Methods: The validation started with an explanation of the goals, content, and features of the simulator (content validity). Then, participants from eight different medical centers consisting of experts (> or =100 laparoscopic procedures performed) and surgical trainees (<100) were informed of the goals and received a "hands-on tour" of the virtual reality (VR) trainer. Subsequently, they were asked to answer 28 structured questions about the simulator (face validity). Ratings were scored on a scale from 1 (very bad/useless) to 5 (excellent/very useful). Additional comments could be given as well. Furthermore, two experiments were conducted. In experiment 1, aimed at establishing concurrent validity, the training effect of a single-handed hand-eye coordination task in the simulator was compared with a similar task in a conventional box trainer and with the performance of a control group that received no training. In experiment 2 (first step of construct validity), the total score of task time, collisions, and path length of three consecutive runs in the simulator was compared between experts (>100 endoscopic procedures) and novices (no experience).

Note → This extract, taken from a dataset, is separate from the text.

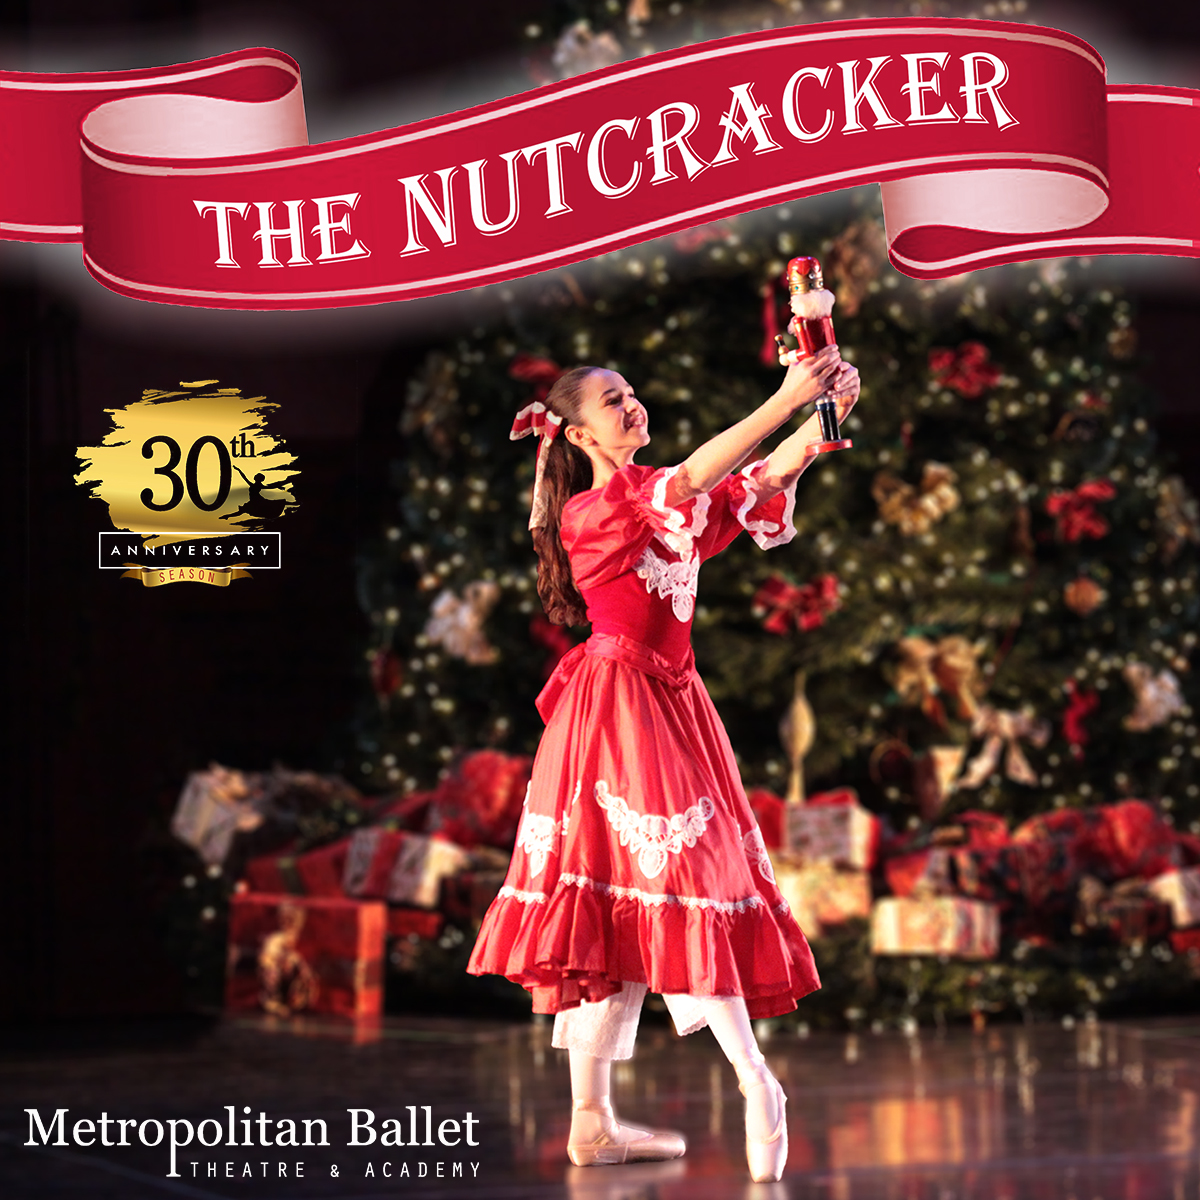 30f28c040215 MBT s 30th Anniversary Season of The Nutcracker

Results: A total of 75 participants (36 expert surgeons and 39 surgical trainees) filled out the questionnaire. Usefulness of tasks, features, and movement realism were scored between a mean value of 3.3 for depth perception and 4.3 for appreciation of training with the instrument. There were no significant differences between the mean values of the scores given by the experts and surgical trainees. In response to statements, 81% considered this VR trainer generally useful for training endoscopic techniques to residents, and 83% agreed that the simulator was useful to train hand-eye coordination. In experiment 1, the training effect for the single-handed task showed no significant difference between the conventional trainer and the VR simulator (concurrent validity). In experiment 2, experts scored significantly better than novices on all parameters used (construct validity).

Conclusion: Content, face, and concurrent validity of the SIMENDO is established. The simulator is considered useful for training eye-hand coordination for endoscopic surgery. The evaluated task could discriminate between the skills of experienced surgeons and novices, giving the first indication of construct validity.